__Problem to solve__. Return all of the data below verbatim and exclude every picture.

__Given information__.
● ● ● ●

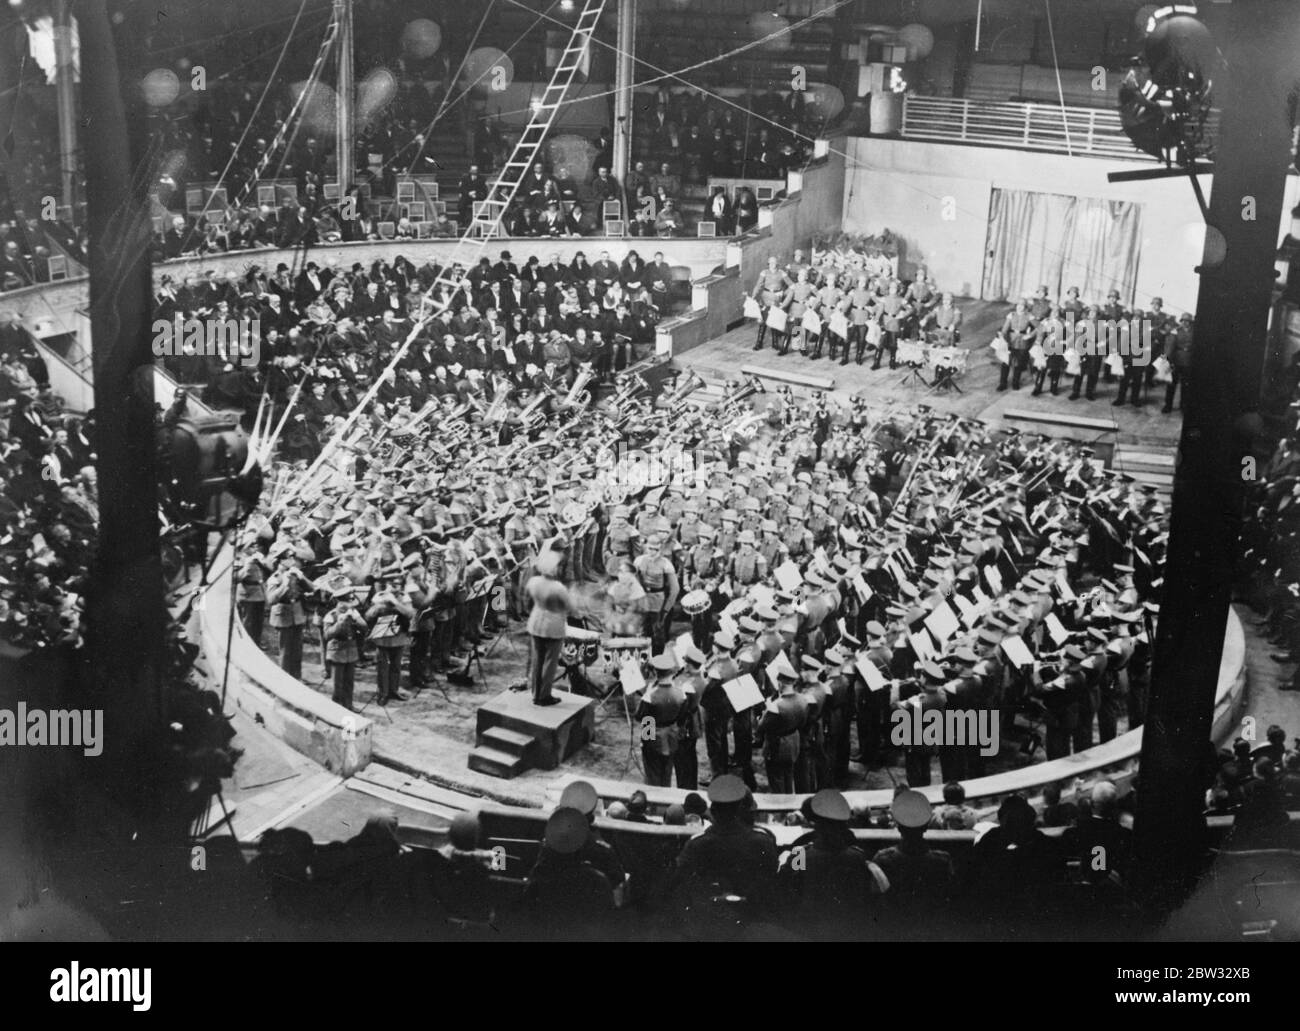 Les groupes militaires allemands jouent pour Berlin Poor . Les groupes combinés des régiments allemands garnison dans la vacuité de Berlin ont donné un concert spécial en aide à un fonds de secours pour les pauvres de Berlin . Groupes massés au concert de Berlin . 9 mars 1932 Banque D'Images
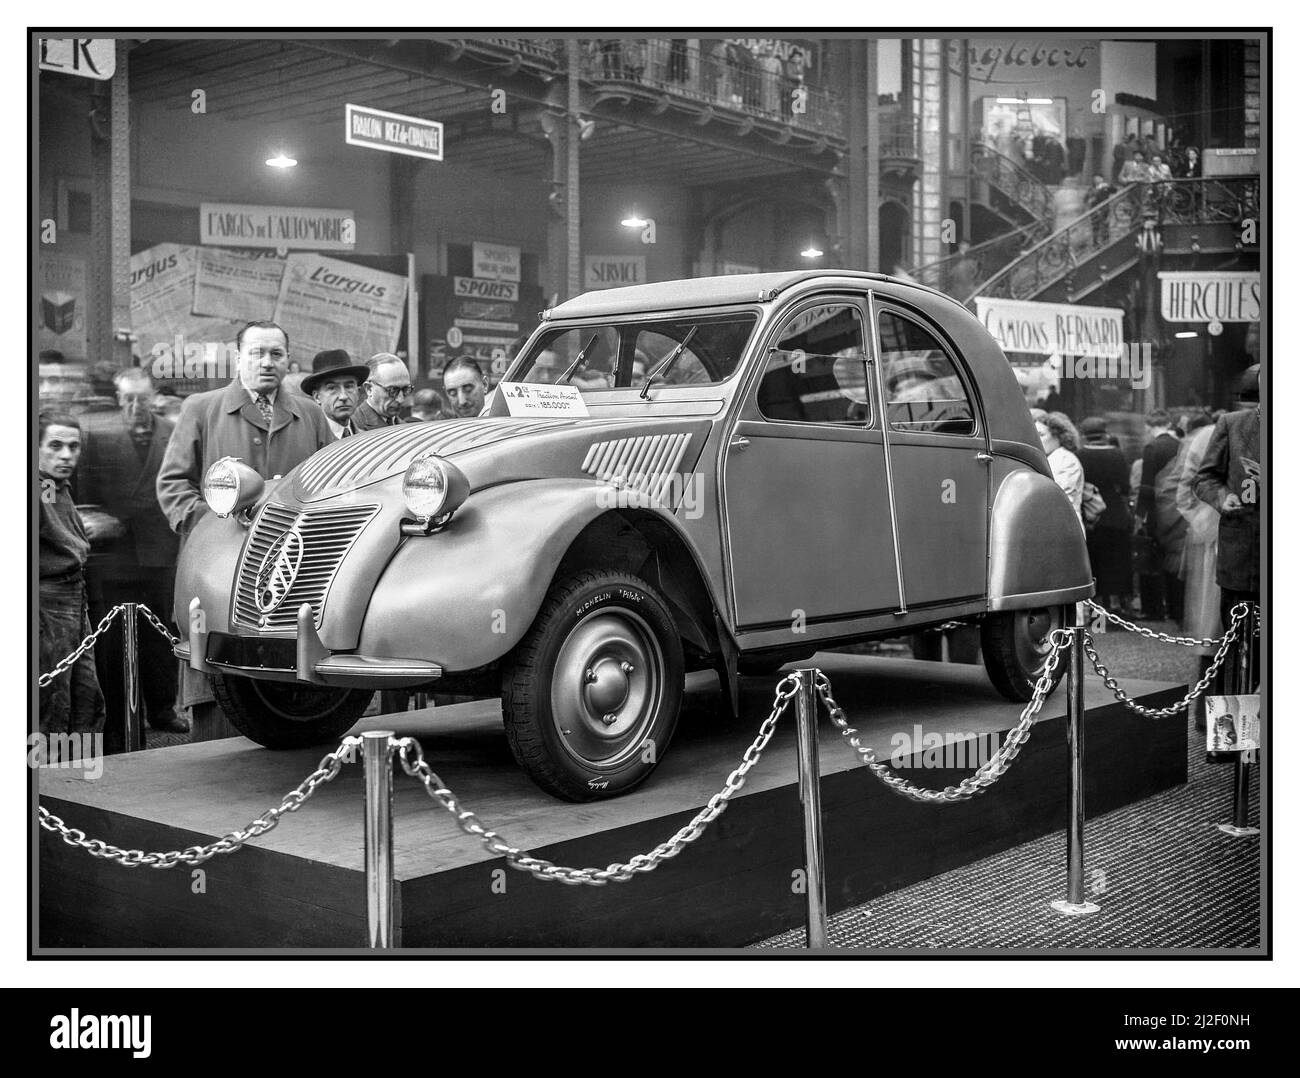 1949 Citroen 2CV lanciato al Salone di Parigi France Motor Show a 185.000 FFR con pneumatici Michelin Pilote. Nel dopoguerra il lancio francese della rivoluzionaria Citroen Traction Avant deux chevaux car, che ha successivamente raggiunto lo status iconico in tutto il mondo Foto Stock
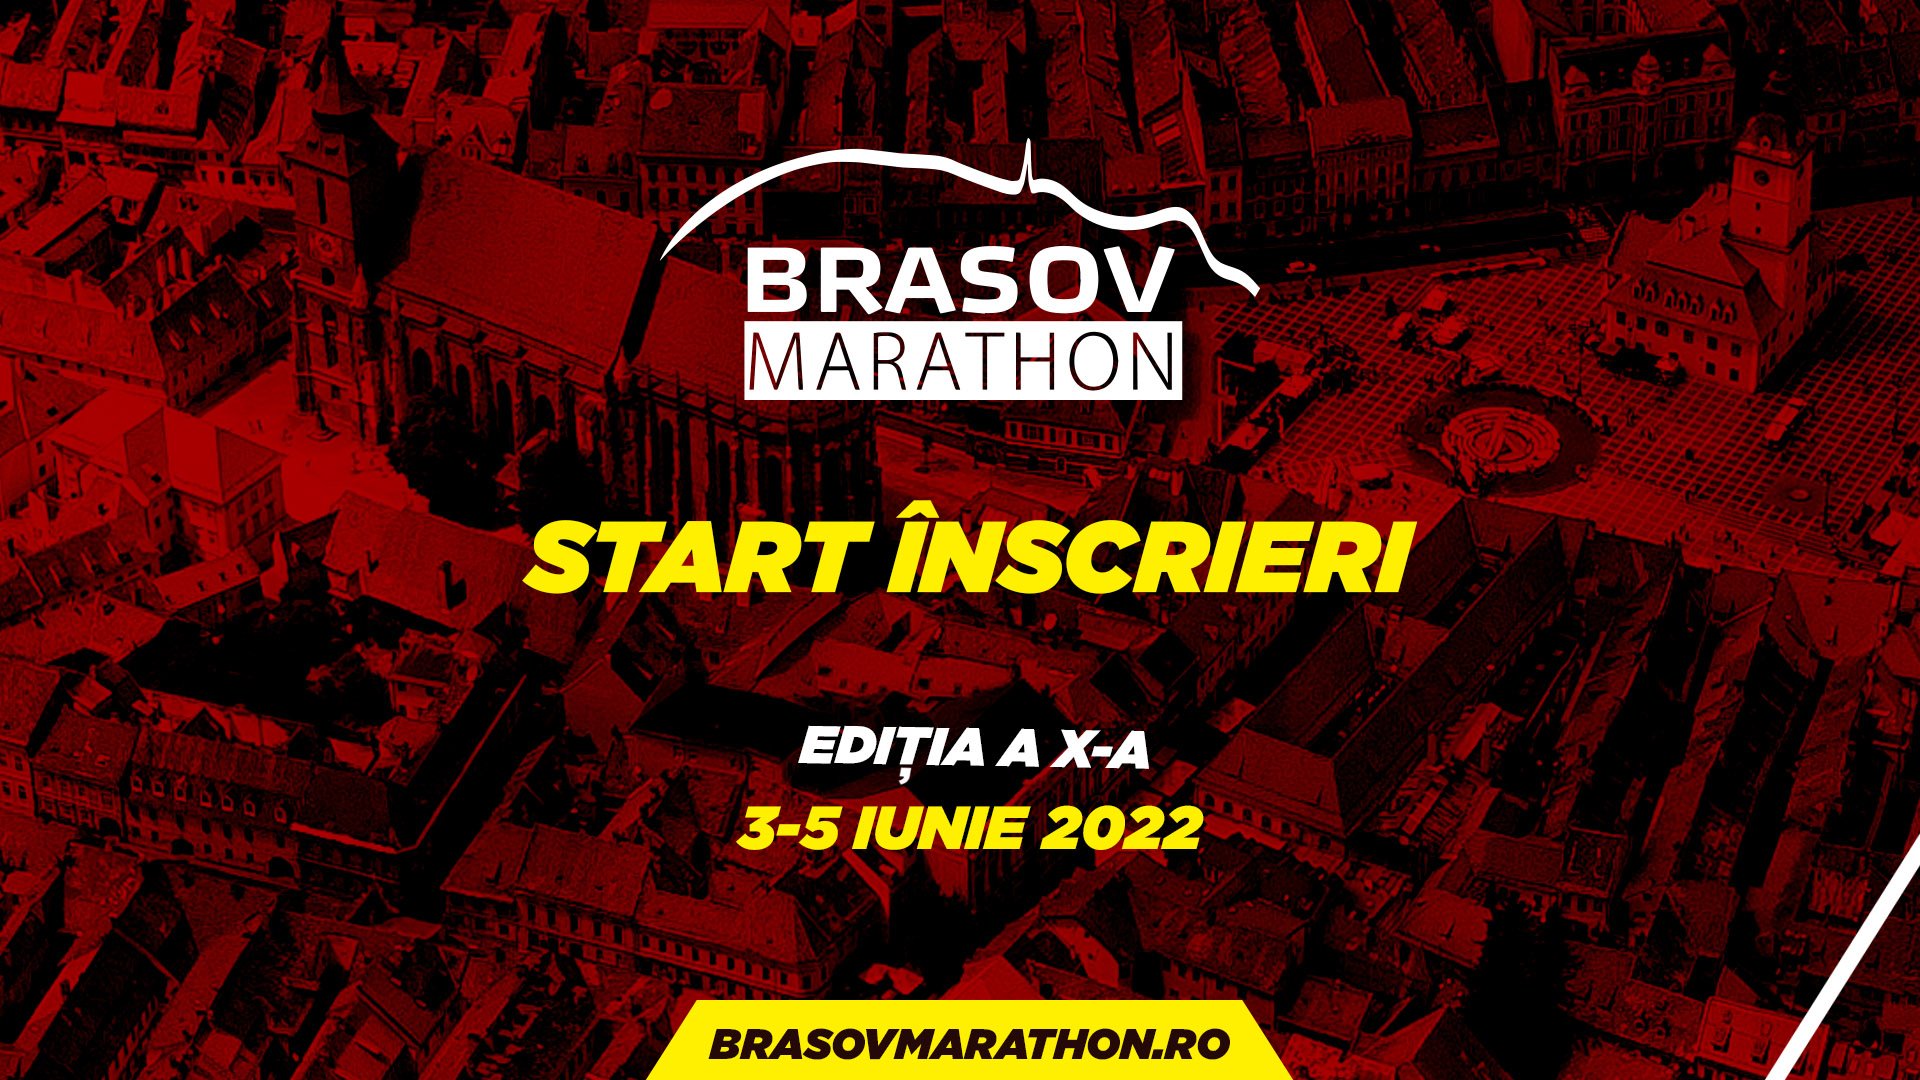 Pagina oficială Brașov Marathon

● ● ● ●

__Reply to the exercise__.
 Les groupes militaires allemands jouent pour Berlin Poor . Les groupes combinés des régiments allemands garnison dans la vacuité de Berlin ont donné un concert spécial en aide à un fonds de secours pour les pauvres de Berlin . Groupes massés au concert de Berlin . 9 mars 1932 Banque D'Images
 1949 Citroen 2CV lanciato al Salone di Parigi France Motor Show a 185.000 FFR con pneumatici Michelin Pilote. Nel dopoguerra il lancio francese della rivoluzionaria Citroen Traction Avant deux chevaux car, che ha successivamente raggiunto lo status iconico in tutto il mondo Foto Stock
 Pagina oficială Brașov Marathon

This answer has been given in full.